Republicans Just Passed A Budget That Would Cut $1.8 Trillion From Health Care Programs
GOP budget is just a massive wealth redistribution from the poor to the rich.
GOP cuts to health programs deeper than previous Obamacare repeal proposals.
$473 billion in proposed Medicare cuts
Donald Trump and Republicans are celebrating the passage of a budget outline that they hope will pave the way for the tax cuts they plan to pass.
And while there are little details about the Republican tax plan, all available information indicates that the benefits of the tax cuts will go almost exclusively to the wealthy.
One of the large remaining questions is how Republicans plan to pay for the tax cuts for the higher income earners.
That’s where the budget resolution comes in.
In order to pay for the massive tax cuts for millionaire and billionaires, Republicans are proposing at least $1.8 trillion in cuts to health programs. Including $473 billion in cuts to Medicare.
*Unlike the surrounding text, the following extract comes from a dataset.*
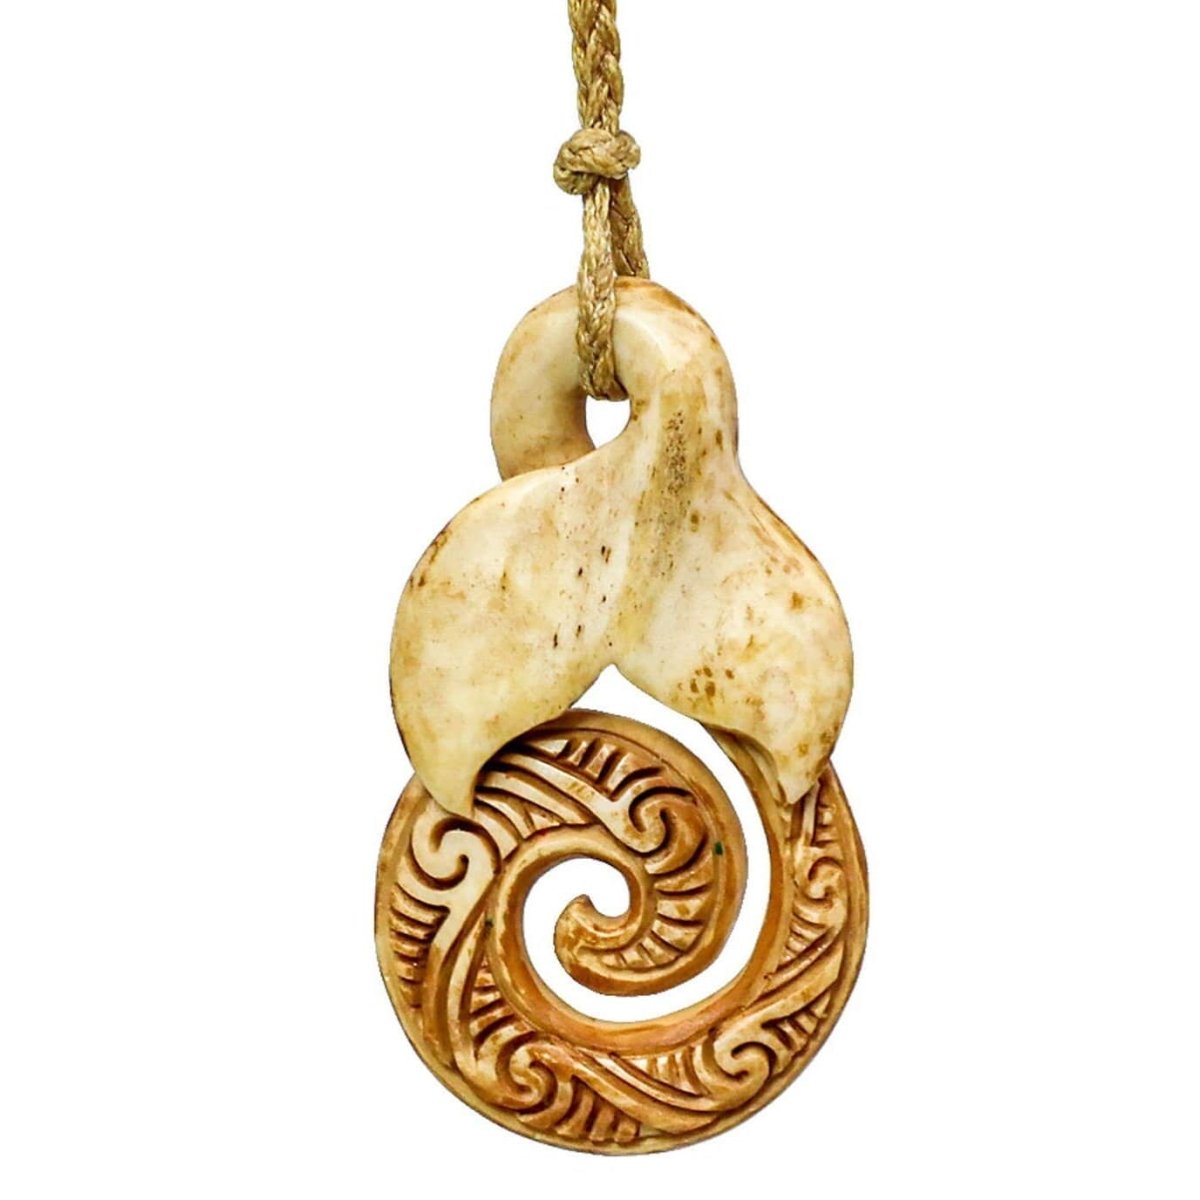 New Zealand Maori Inspired Bone, Infinity Spiral Stylized Whale Tail Necklace - Earthbound Pacific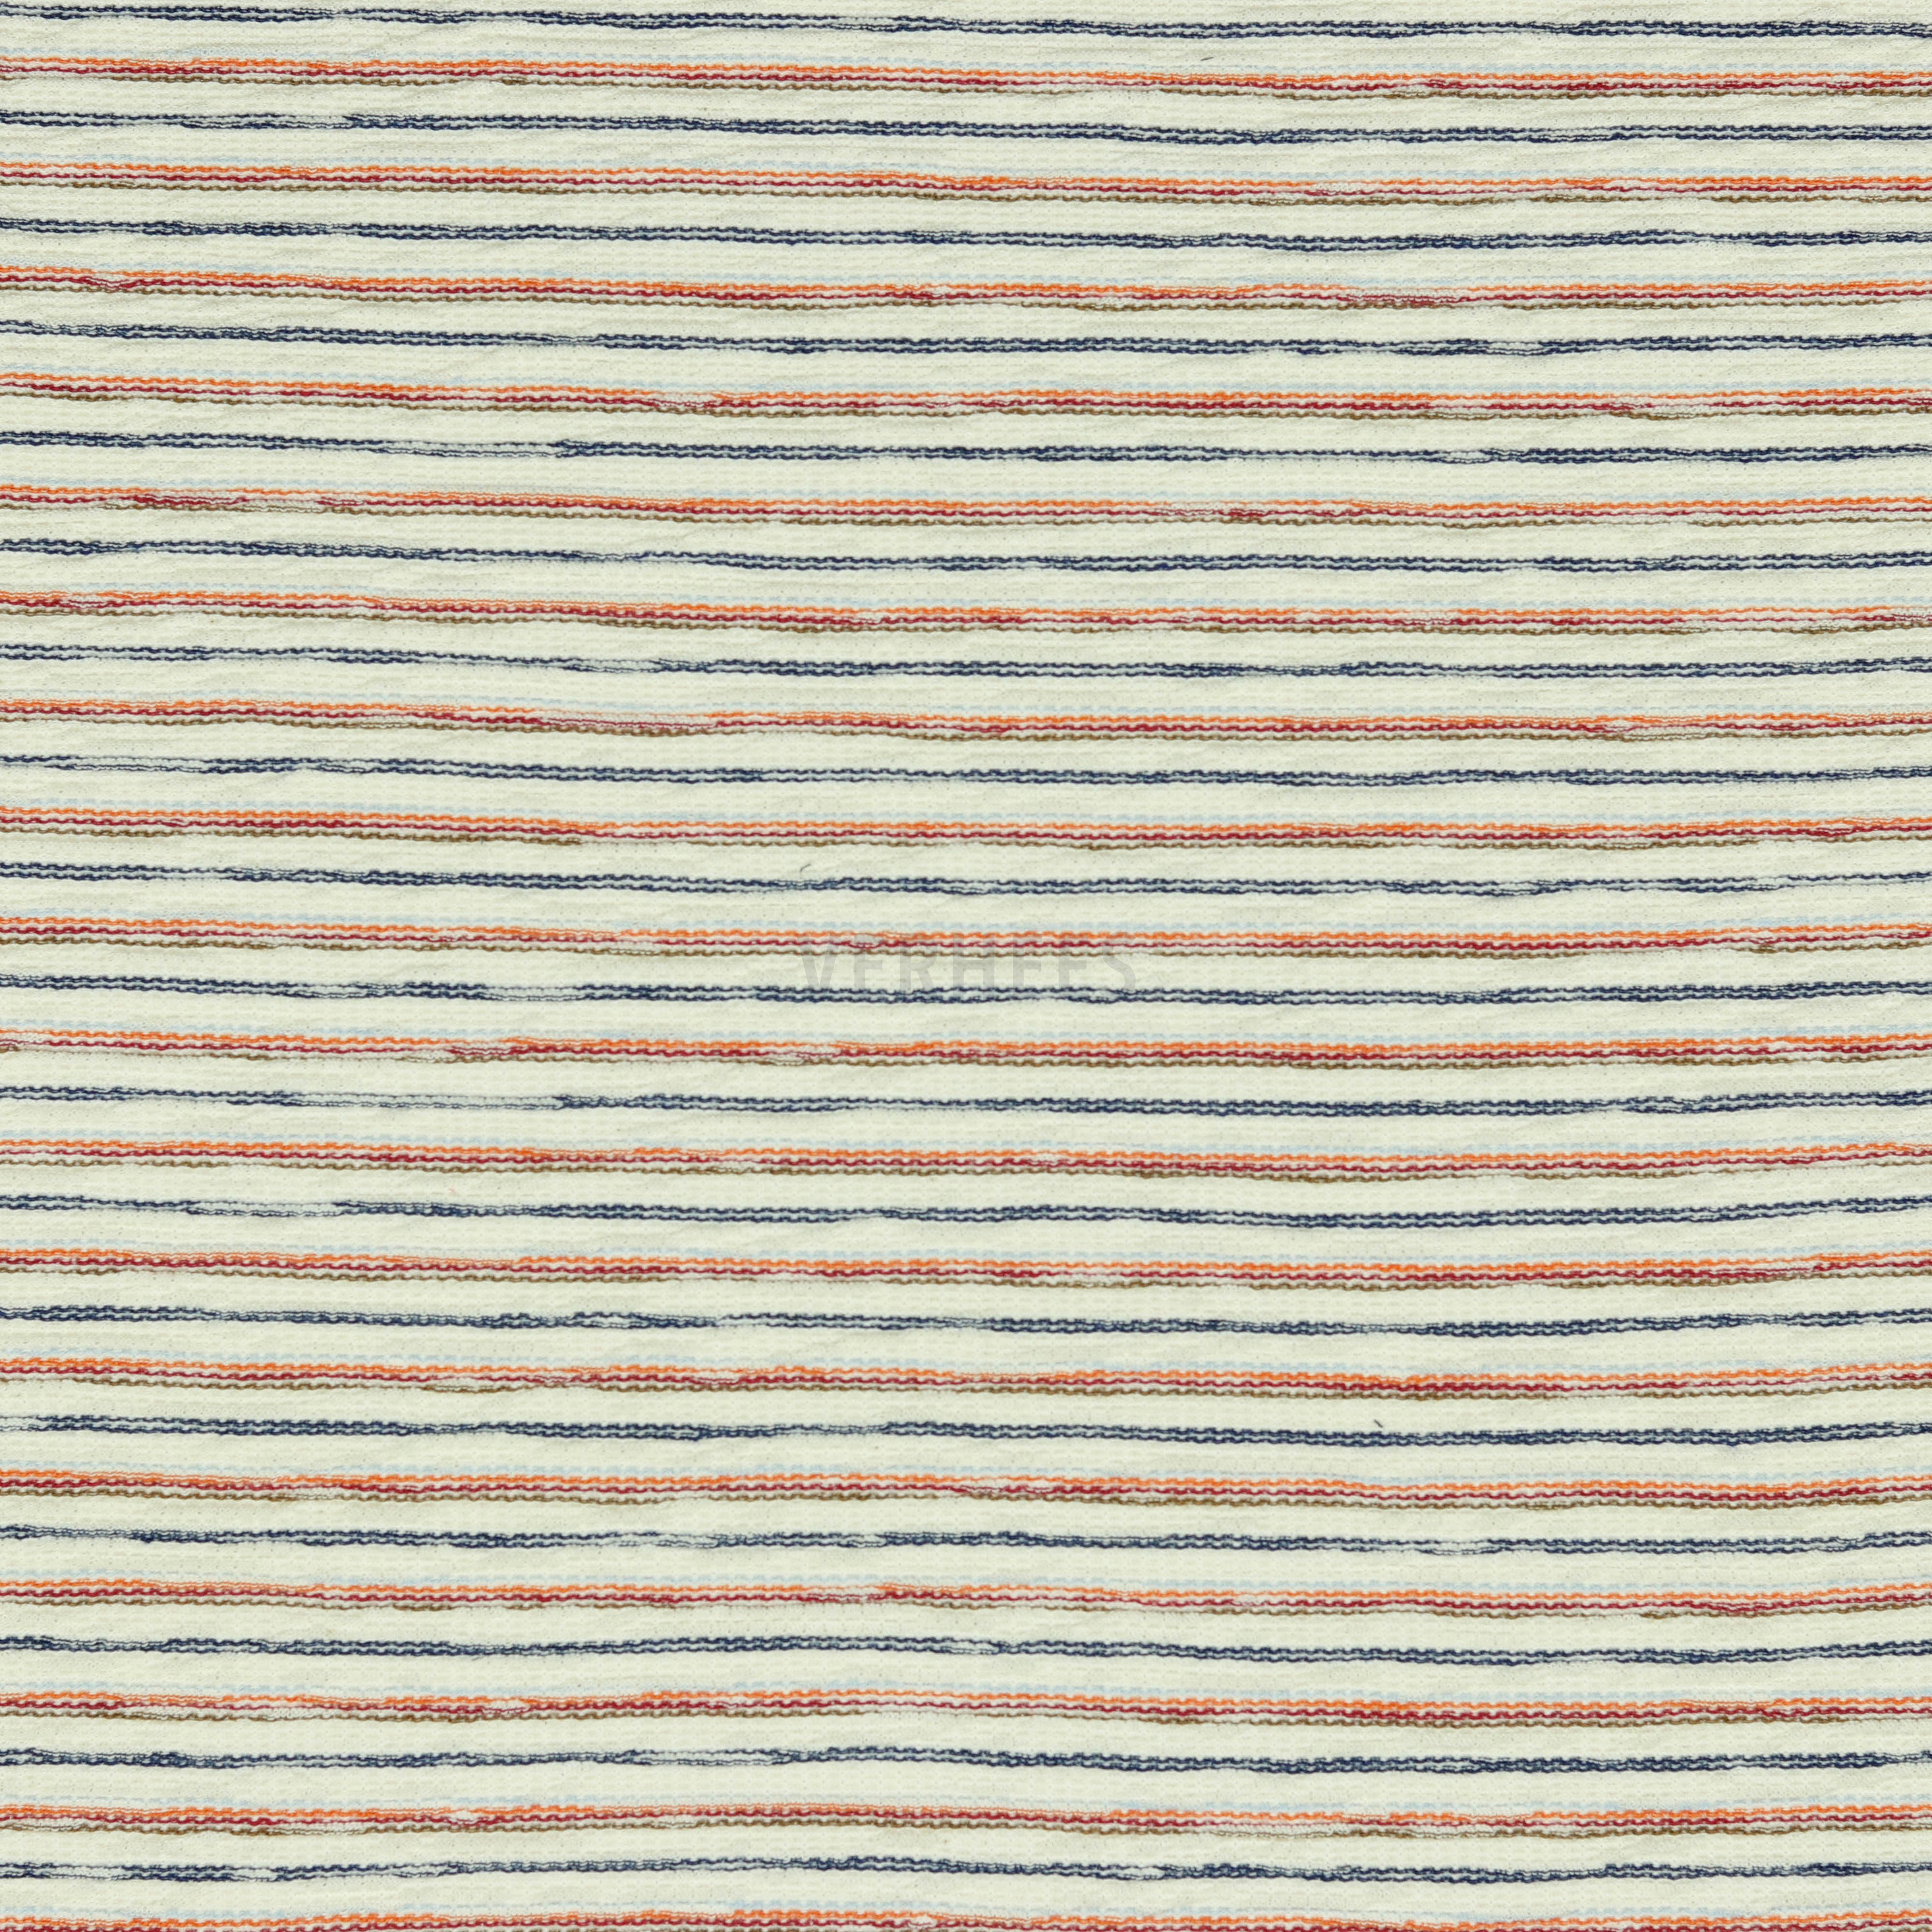 YARN DYED KNITTED STRIPE MULTICOLOUR (high resolution)

As of now, it looks like Republicans are aiming to pass about $1.5 trillion in tax cuts. This means that not only are they planning to finance tax cuts for the rich with cuts to health programs for low and middle-income Americans and the elderly, but they are also planning at least $300 billion in additional cuts to health programs above and beyond what they need to pay for the tax cuts.
As Vox points out, “Funding for non-Medicare health programs, most notably Medicaid and Obamacare, would take a $1.3 trillion hit, a 20 percent cut over the course of 10 years, increasing to a 29.3 percent cut by 2027. This is even larger than the 10-year Medicaid cuts included in Graham-Cassidy or the American Health Care Act, though smaller than the massive cuts of Trump’s budget proposal, which would’ve cut Medicaid nearly in half by 2027.”
Not just health programs that would suffer
The Republican budget also calls for $653 billion over 10 years for so-called “income security” programs.
Here are the programs on the chopping block in the Republican budget:
- Supplemental Nutrition Assistance Program (SNAP, or food stamps)
- Supplemental Security Income
- Earned income tax credit (for people too poor to pay taxes)
- Unemployment insurance
- Military and civilian federal employee pensions
The bottom line on this Republican budget plan is that it is nothing more than a massive wealth redistribution program to take from the poor and give to the rich.